= Joan Baraclough =

British social worker (1934–2024)

Joan Baraclough (19 January 1934 - 24 December 2024) was a British social worker and a founding member of the British Association of Social Workers and the Social Work History Network.

== Early life ==
Baraclough was born in Edinburgh on the 19 January 1934. After leaving school Baraclough moved to Ireland where she worked as a receptionist for a GP.

Baraclough later moved to Birmingham where she worked as an almoner's clerk at the eye hospital. Baraclough was encouraged by the almoner to train to become a social worker. Baraclough studied at the University of Edinburgh and undertook placements at the Edinburgh Royal, the Western General Hospital, and St Mary's Hospital in Paddington, London. Baraclough graduated in 1960.

== Professional Life ==
After graduating from the University of Edinburgh, Baraclough began working at King Edward's Hospital in Ealing, London. Baraclough went on to work at Westminster Hospital, where she eventual served as Deputy Head of department.

Between 1968 and 1969, Baraclough was seconded to the Tavistock Clinic, where she was supervised by John Bowlby.

In 1971, Baraclough became the first Secretary of Social Workers Benevolent Trust. In the same year, she was appointed Assistant General Secretary of the British Association of Social Workers, a role she held until 1977.

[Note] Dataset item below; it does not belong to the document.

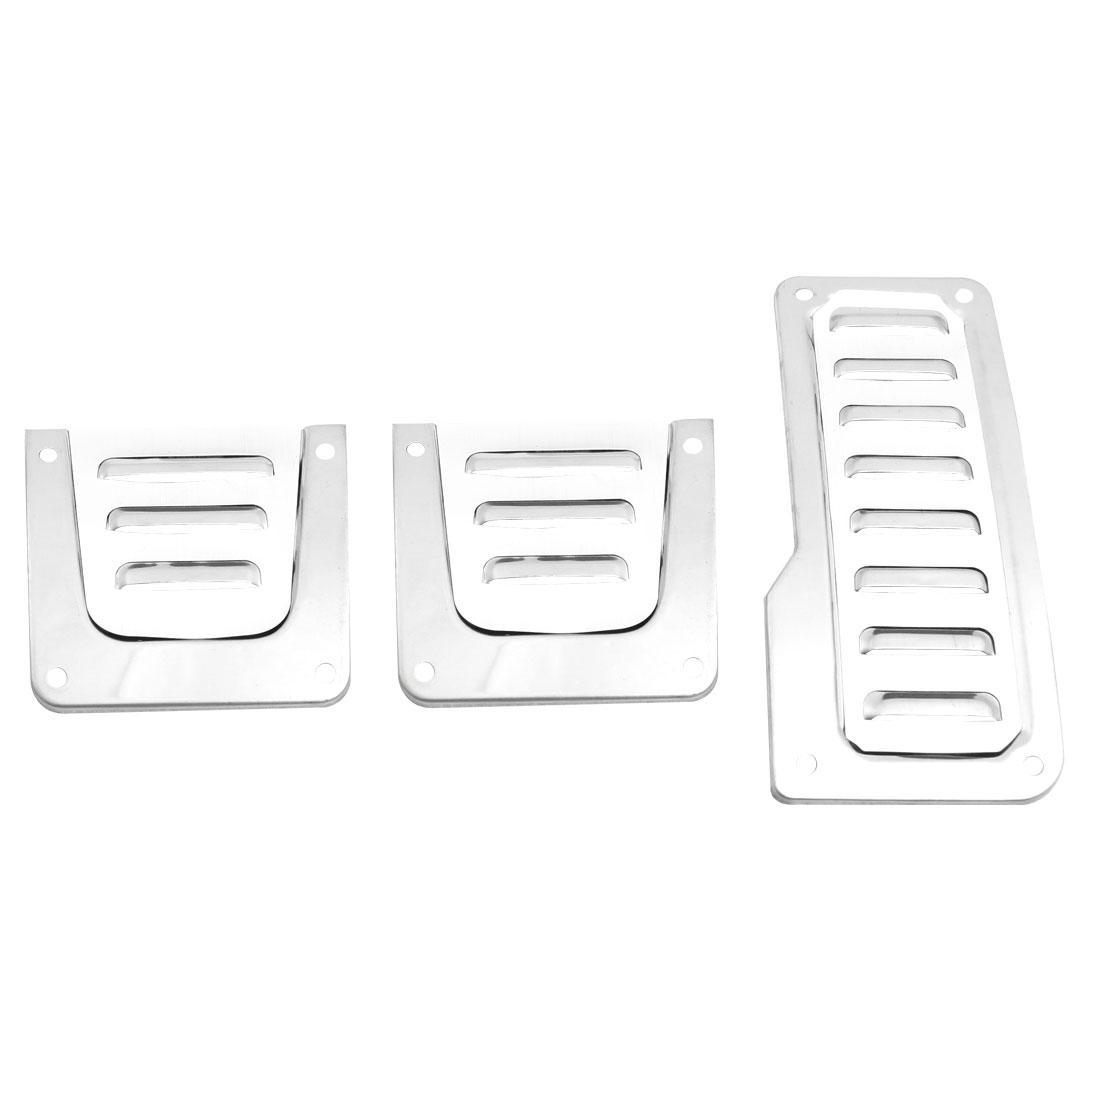 Vehicles Car Silver Tone Nonslip Metal Gas Clutch Brake Pedal Covers 3PCS

Between 1977 and 1984, Baraclough worked at the Central Council for Education and Training in Social Work and was involved in developing social work courses.

Between 1984 and 1994, Baraclough served as Assistant Chief Inspector of the Social Services Inspectorate, a precursor of the Care Quality Commission.

In 2000, Baraclough co-founded the Social Work History Network at King's College London.

== Personal life ==
After retiring, Baraclough completed a Master's in the History of Social Medicine at the University of Warwick and helped develop the archives of British Association of Social Worker's predecessor organisations.

Between 2007 and 2011, Baraclough chaired the Lemsford Local History Group and helped to build up the group's archive.

Baraclough died on the 24 December 2024.